About dBm ↔ Watts ↔ Volts Converter

dBm to Watts Converter computes power levels between dBm, watts and volts at a given impedance using the standard engineering relation: P(mW) = 10^(dBm/10); V(rms) = √(P·Z). Worked live: 30 dBm = 1 W = 7.07 V rms into 50 Ω; WiFi's 20 dBm is 100 mW. The result recalculates on every keystroke, the worked-example panel shows your numbers substituted into the formula, and the Copy permalink button encodes the inputs in the URL so a colleague opens exactly your calculation. Everything runs client-side — nothing you type leaves your device.

How to use dBm ↔ Watts ↔ Volts Converter

  1. 1Enter your values — the tool starts with realistic defaults for this exact use case, so the worked example is meaningful immediately.
  2. 2Read the live result and the worked-example panel, which substitutes your numbers into the formula step by step.
  3. 3Adjust any input to compare scenarios, then use Copy result or Copy permalink to share the calculation.

Why use dBm ↔ Watts ↔ Volts Converter?

  • Implements the real formula — P(mW) = 10^(dBm/10) — with the substitution shown, not a black box
  • Built for RF techs, SDR users and lab engineers protecting instrument inputs
  • Copy result and permalink buttons — share the exact calculation in a README, forum answer or design review
  • 100% free, no sign-up, runs entirely in your browser (works offline once loaded)

Frequently asked questions

How do you calculate dbm to watts?+

Power levels between dBm, watts and volts at a given impedance follows P(mW) = 10^(dBm/10); V(rms) = √(P·Z). For example, 30 dBm = 1 W = 7.07 V rms into 50 Ω; WiFi's 20 dBm is 100 mW. The calculator applies the same relation and shows the substituted arithmetic so you can verify every step.

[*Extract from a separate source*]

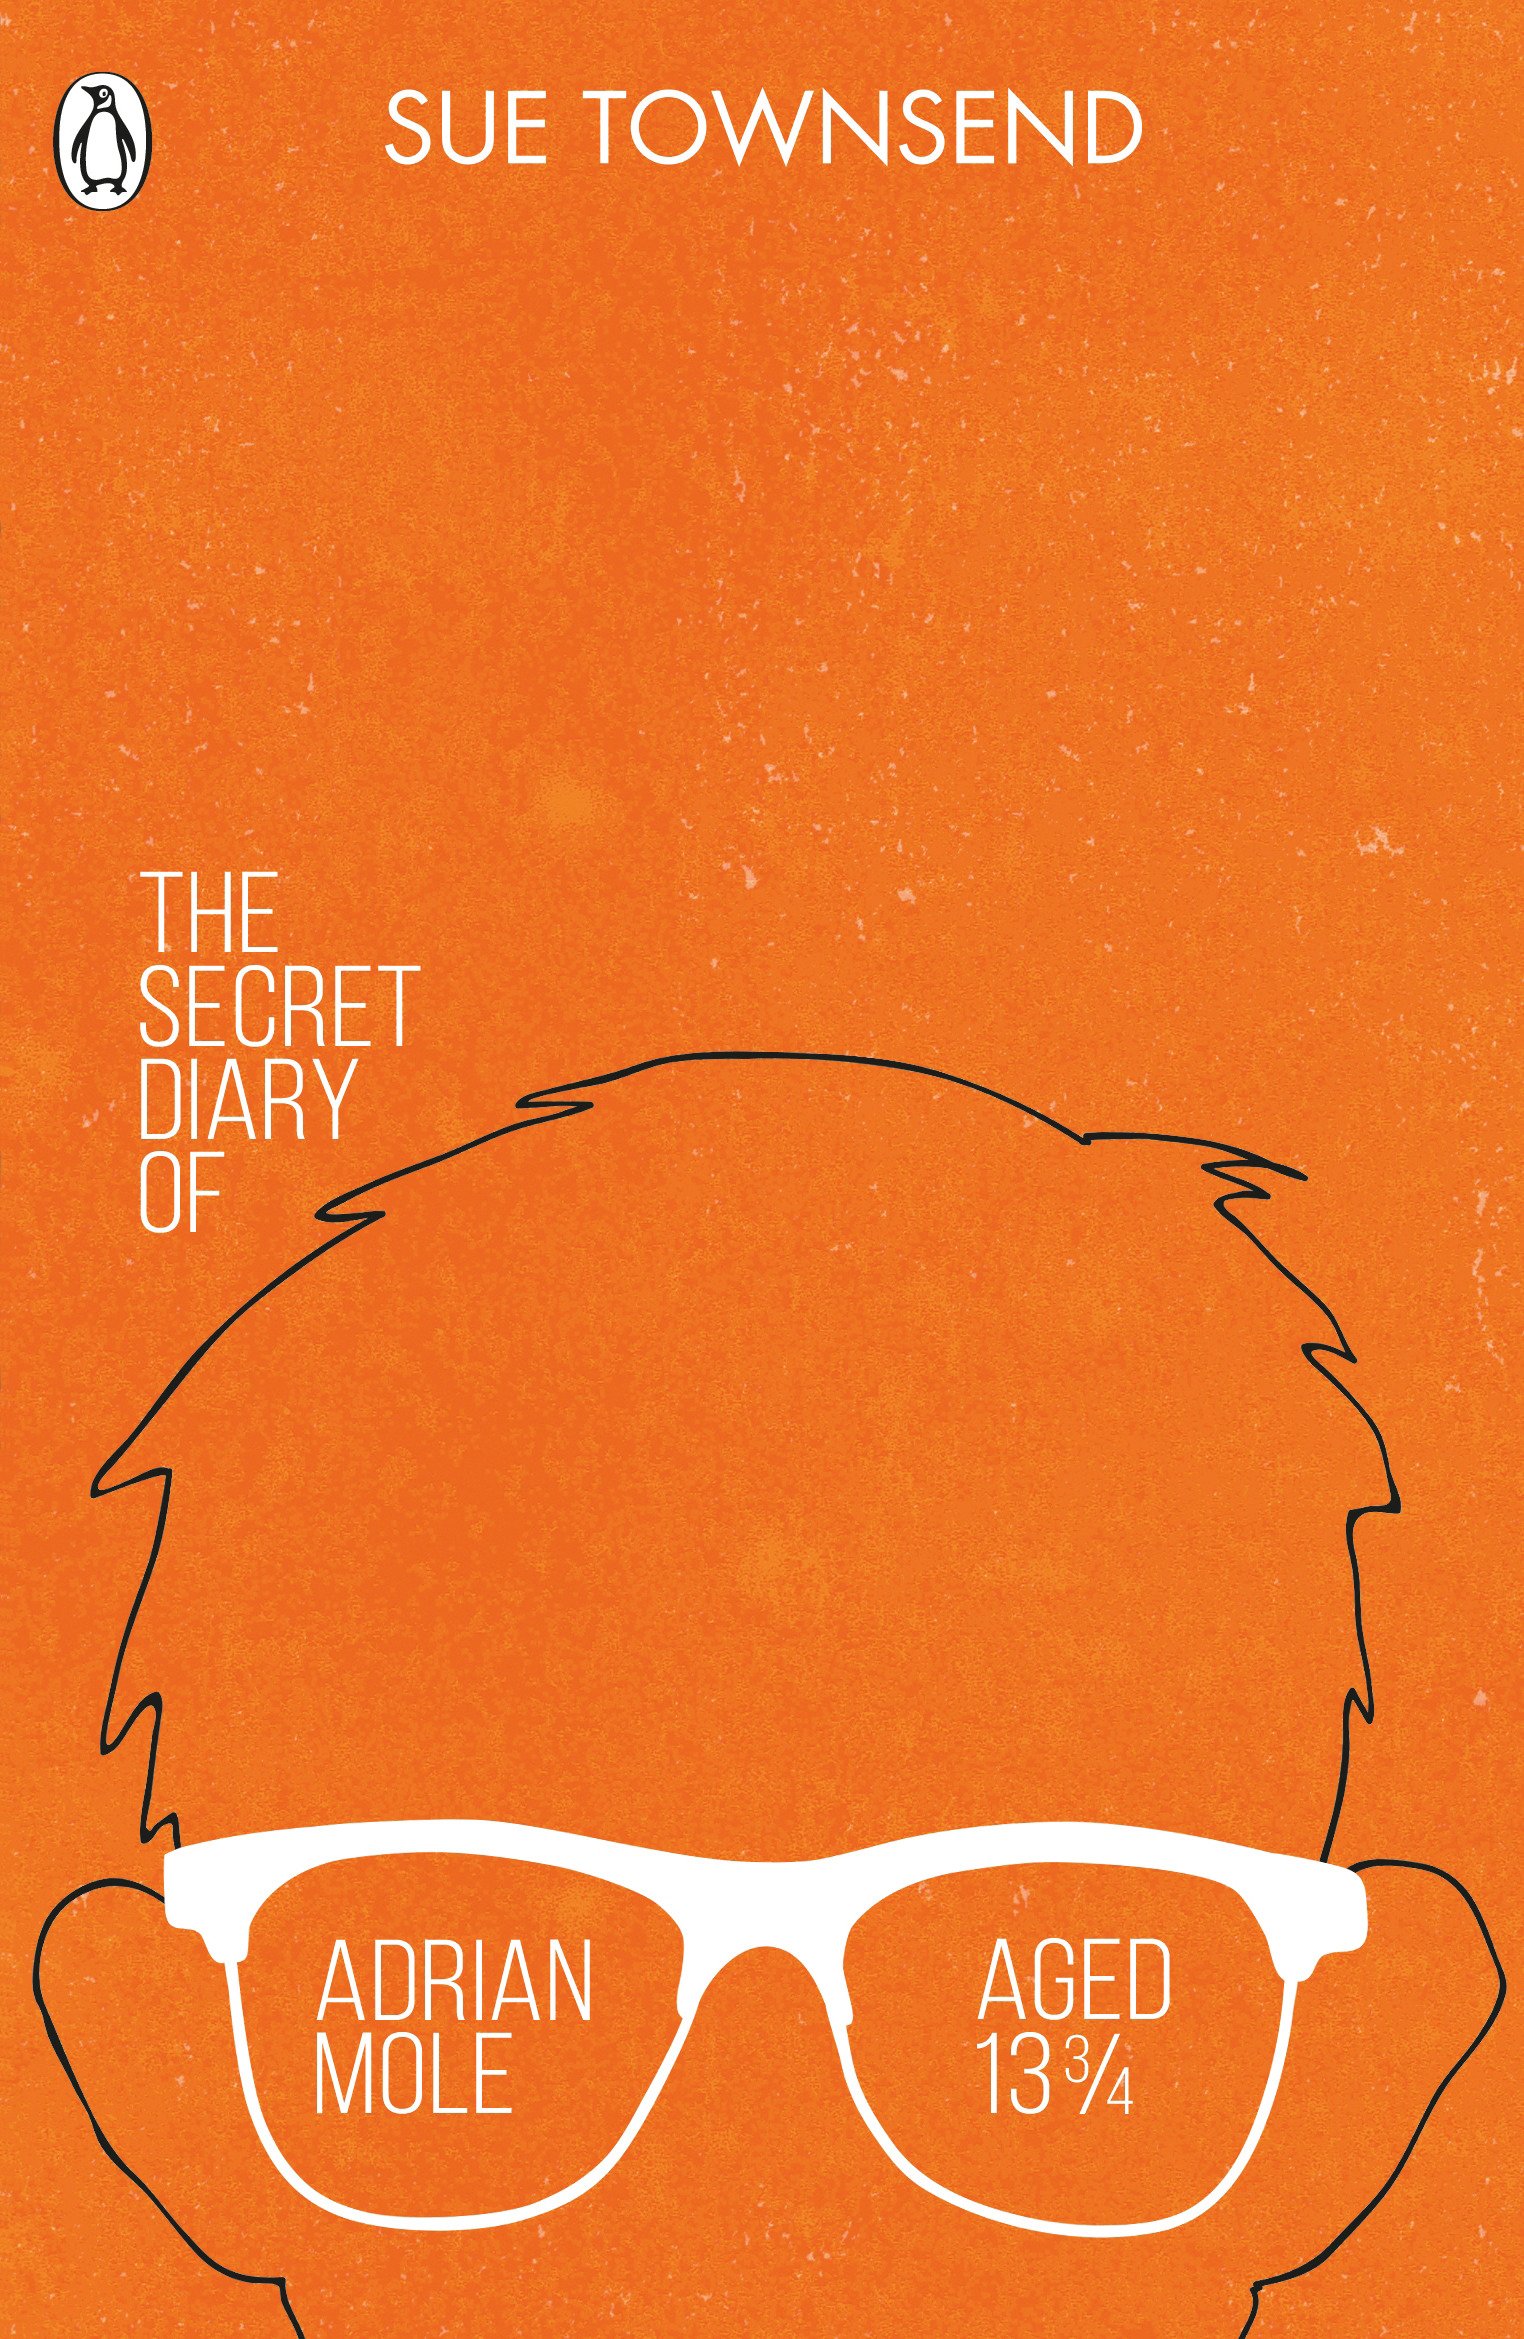 The Secret Diary of Adrian Mole Aged 13 3/4 | Sue Townsend image9

What dBm levels are dangerous to equipment?+

Most spectrum analyzers and SDR front-ends spec +10 to +20 dBm absolute max — a 5 W handheld (37 dBm) keyed near them induces damage even without a direct connection. Attenuators are cheaper than mixers; when in doubt, start with 30 dB inline.

Why do RF people use dBm instead of watts?+

Link math becomes addition: +30 dBm TX, −110 dB path, +12 dB antennas = −68 dBm received — try that in watts. The log scale also spans the absurd range of RF gracefully, from −174 dBm/Hz thermal noise to 80 dBm broadcast transmitters.

Is the dBm to Watts Converter free and private?+

Yes — completely free with no sign-up or usage limits, and it runs entirely in your browser: the values you enter are never uploaded or stored on a server.